Certainly! Both DH and I enjoy chicken/duck livers, and are lovers of foie gras as well. Calves' liver is almost extinct in restaurants nowadays, but it was a delicious delicacy when I was growing up. My mom loved it and served it regularly.

Pork, lamb, and beef liver are okay in sausages, as they have a stronger flavor. The rise in charcuterie and 'nose to tail' butchery has made local menus in the San Francisco Bay Area much more interesting. We had an amazing lamb sausage made with some liver at one of the French bistros a couple of years ago; I told the waiter if they sold it retail I'd buy pounds of it!


----------



## tnthomas (Sep 27, 2017)

IKE said:


> Tom if I only learned one thing in the Army it was that if you put a little of this on ANYTHING you can eat it......you may want to get a bottle before trying to gnaw on that oil filter.
> View attachment 42614





I do like Tabasco on just about anything.     Another store-bought hot sauce I like is:


----------



## RadishRose (Sep 27, 2017)

Ruth n Jersey said:


> I don't care for liver but once it was served to me cooked a bit on the medium side,which wasn't all that bad. I realized the reason I shied away from liver was because of the consistency. It always seemed dry and mealy. I think my mom overcooked it. I tried it later on when the kids were small with bacon and onions. At the end of the meal the bacon and onions were gone and the liver sat there. I never made it again.

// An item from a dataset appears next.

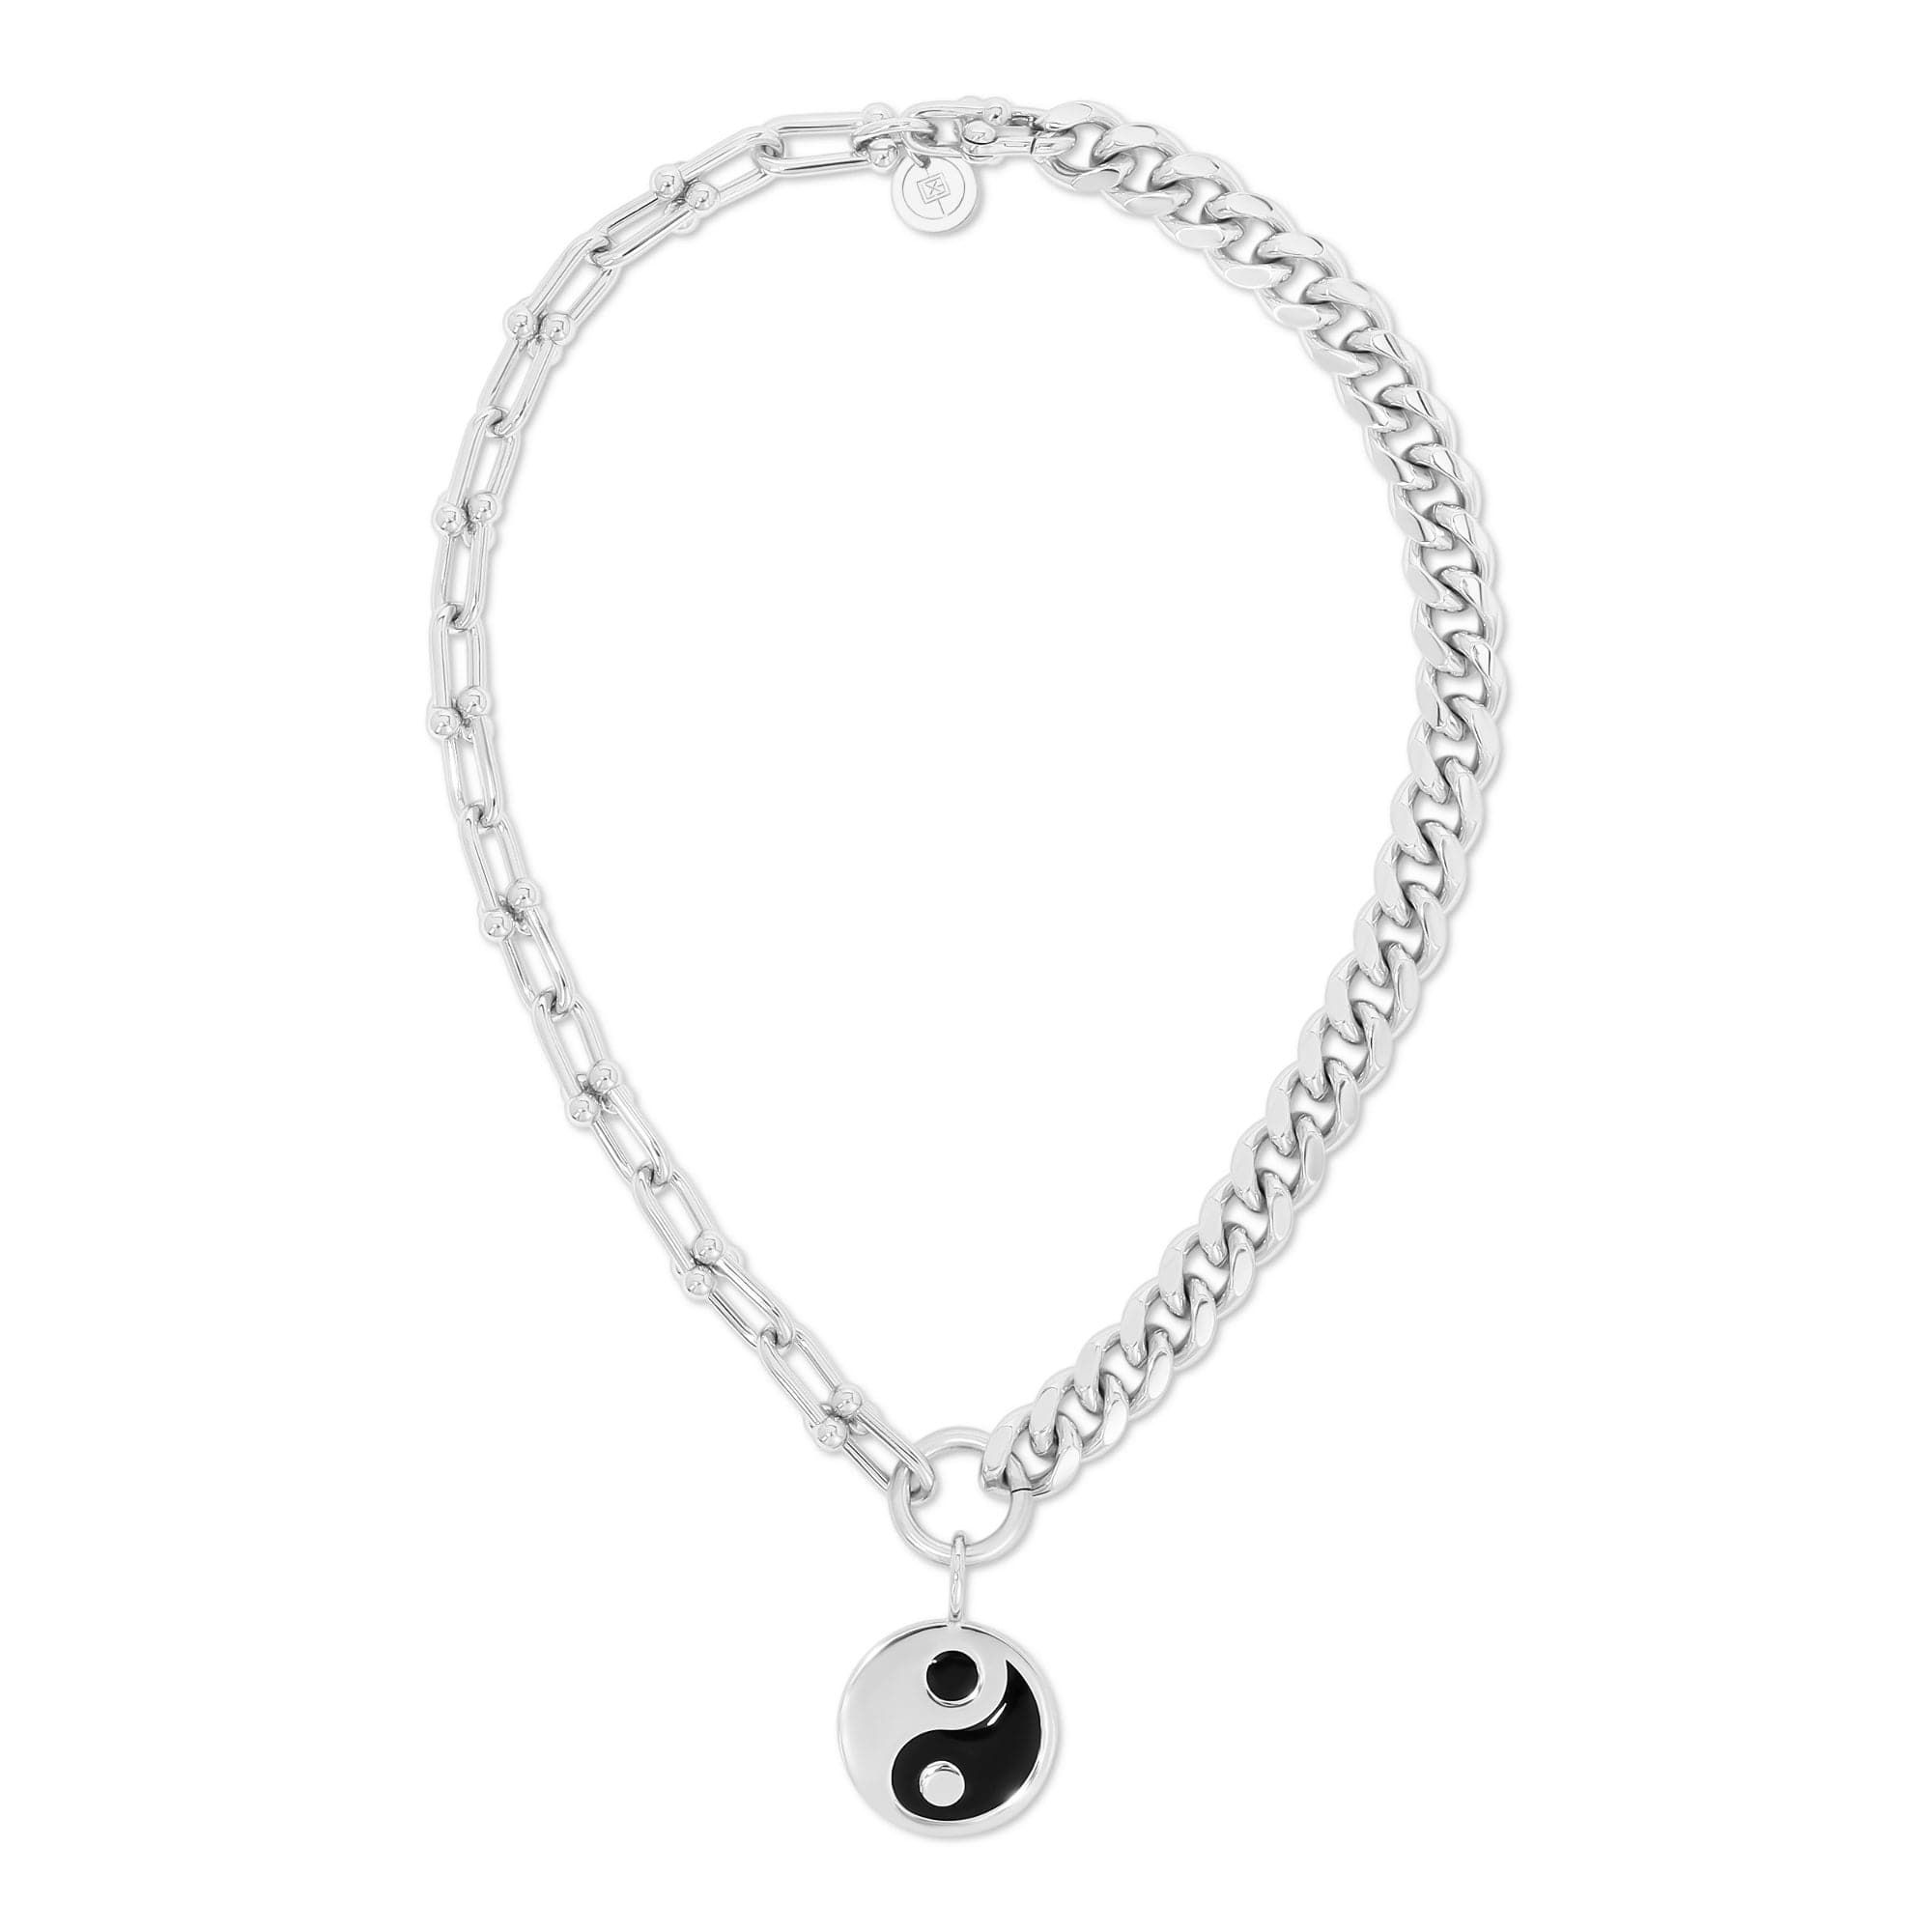 a silver chain bracelet with a yin symbol charm

You nailed it Ruth. When it's overdone, it's pungent and bitter. The sweet onions are there to offset that.

I used to eat breaded and fried calves liver, lightly done. No more.

I've always liked pate's; chicken, pork or goose, but no more. Especially those poor geese.

The liver, besides being rich in nutrients, is the filter for all the poisons and insecticides the animal has eaten, all concentrated into that one piece.


----------



## Butterfly (Sep 28, 2017)

I like liver and onions, but haven't eaten it in years.


----------